La política parece concentrada en sí misma. La Nueva Mayoría, que llegó al gobierno el año pasado gracias a un programa reformista basado en demandas levantadas por la ciudadanía, se vuelca otra vez hacia su interior y clausura su fugaz apertura. Un fenómeno anómalo, que ocurre en la ausencia de la clásica oposición política, esfumada tras los escándalos de corrupción.
La Nueva Mayoría al concentrarse en sí misma incrementa también sus contradicciones internas, las cuales no surgen de sus referentes electorales, sino de sus intereses y alimentos. Esa mirada interior lleva que las actuales tensiones no reproduzcan el clásico binominal de la transición, sino amplifiquen las corrientes y los intereses individuales. Así tenemos que el fin del reformismo y su reemplazo por el conservadurismo neoliberal haya pasado a ser una expresión de cálculos electorales. Son señales hacia sus financistas desde una plataforma política escorada próxima a la zozobra.
Los conflictos políticos ya no responden al tradicional espectro del binominal, sino está fragmentado en múltiples instancias. Estamos en un estado de confusión total, una crisis de tales proporciones cuyos protagonistas, en un estado de desesperación, se cierran al inmediato pasado y a la realidad. No sólo se clausura el programa y sus reformas, sino el contexto social y se desconocen sus demandas. En este proceso de olvido y huida, la Nueva Mayoría no vale ni como marca ni menos como nombre. Es minoría, tan antigua como la Concertación y está desmenuzada.

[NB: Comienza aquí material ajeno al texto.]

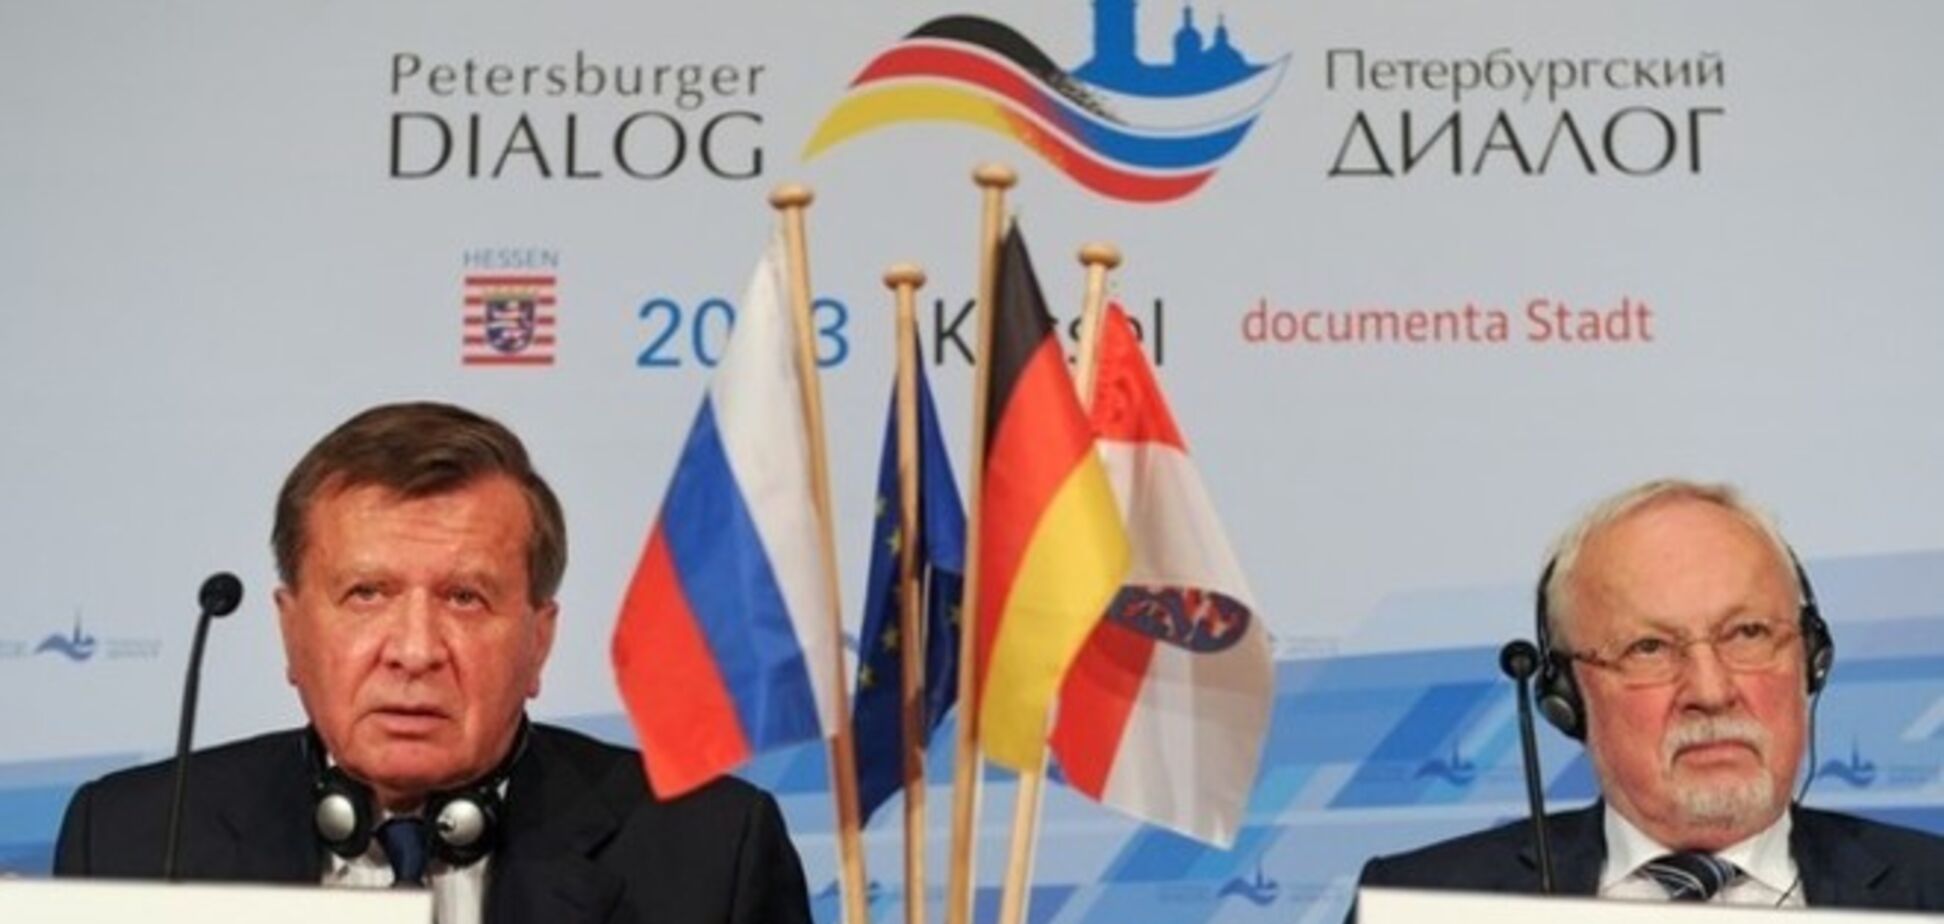 В Германии объявили бойкот российскому форуму из-за Украины
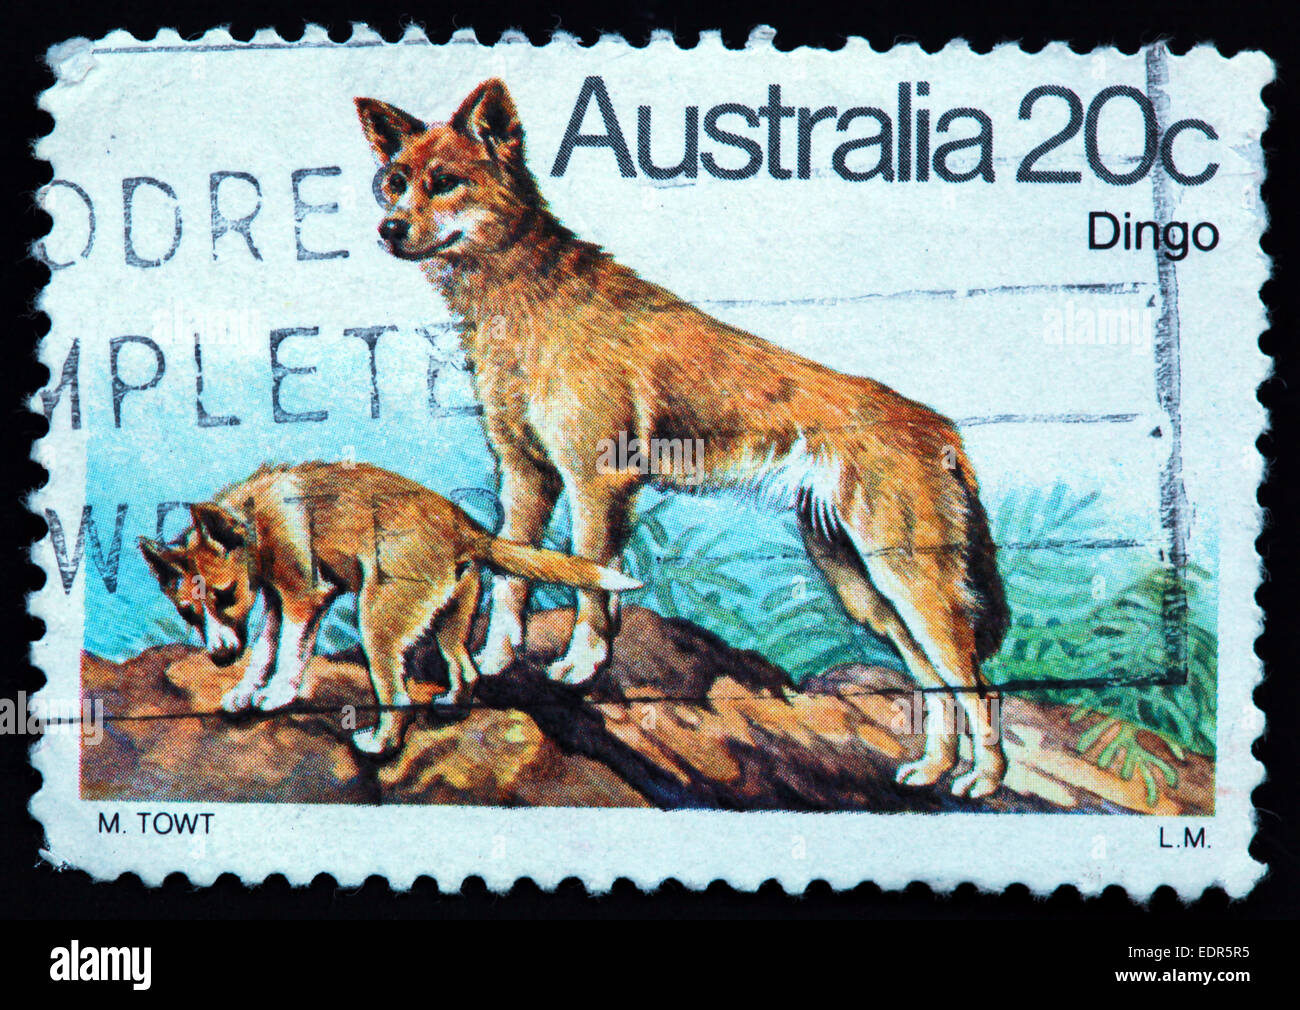 Usato e con timbro postale Australia / Timbro Austrailian 20c Dingo L.M LM M TOWT Foto Stock

Durante los últimos 25 años no habíamos sido observadores de una catástrofe de tales proporciones. A la descomposición ética de la política, cruzada por las boletas ideológicamente falsas, tenemos múltiples efectos. Pero tal vez el mayor y magnificado esté en la misma Moneda: una presidenta que junto a su gobierno cae a plomo en su aprobación, que suma niveles inéditos de repudio e incertidumbre los cuales conjuga, lo que es una irracional paradoja, con un retiro progresivo e impúdico del programa. Un absurdo caso de inmolación política.
Pero nada de ello es comparable a la miseria política que salpica desde el mismo gobierno y la coalición. En las últimas dos décadas no habíamos sido testigos de un complot como el que está ocurriendo en La Moneda, con ministros empoderados y vinculados en redes externas que contradicen y desoyen día a día a la mandataria. Ejemplos como el de Jorge Burgos levantando desde el día de su nombramiento la agenda de la Democracia Cristiana ante el proceso constituyente o el proyecto de ley para desmontar la reforma tributaria de Rodrigo Valdés abren una periodo de fragmentación, torceduras y bandazos. Pero nada de ello se puede comparar a los comentarios, críticas y sesgadas interpretaciones levantadas desde su propia coalición a las palabras de Michelle Bachelet en una entrevista publicada el 9 de agosto. La crisis estimula la traición y el magnicidio.
La descomposición política está apuntando a su propia desaparición. Los últimos eventos exhiben el fin de las cohesiones y mínimas lealtades, muchas de ellas todavía en latencia desde hace años pero aún así con mínimas presencias. Los últimos episodios ya apuntan a su licuación y evaporación. La Nueva Mayoría, un armazón electoral cohesionado con el programa de reformas, ya tiene el mismo destino de la Concertación. Fracasadas las primeras reformas, la segunda etapa fue su desaparición. Sus creadores han sido sus más fervientes destructores, lo que escribe una nueva marca en el delirio político.
Aquí no hay juego de suma cero. El proceso de deterioro y corrupción no traspasa beneficios al oponente. Es la crisis que ha terminado con la plataforma, con los andamiajes, con la institucionalidad política. Este escenario, que unos ven con espanto y otros prefieren no ver, tiene sus explicaciones. Porque todo proceso de corrupción tiene sus corruptores. Los dueños del juego político, sus financistas, están cobrando la cuenta.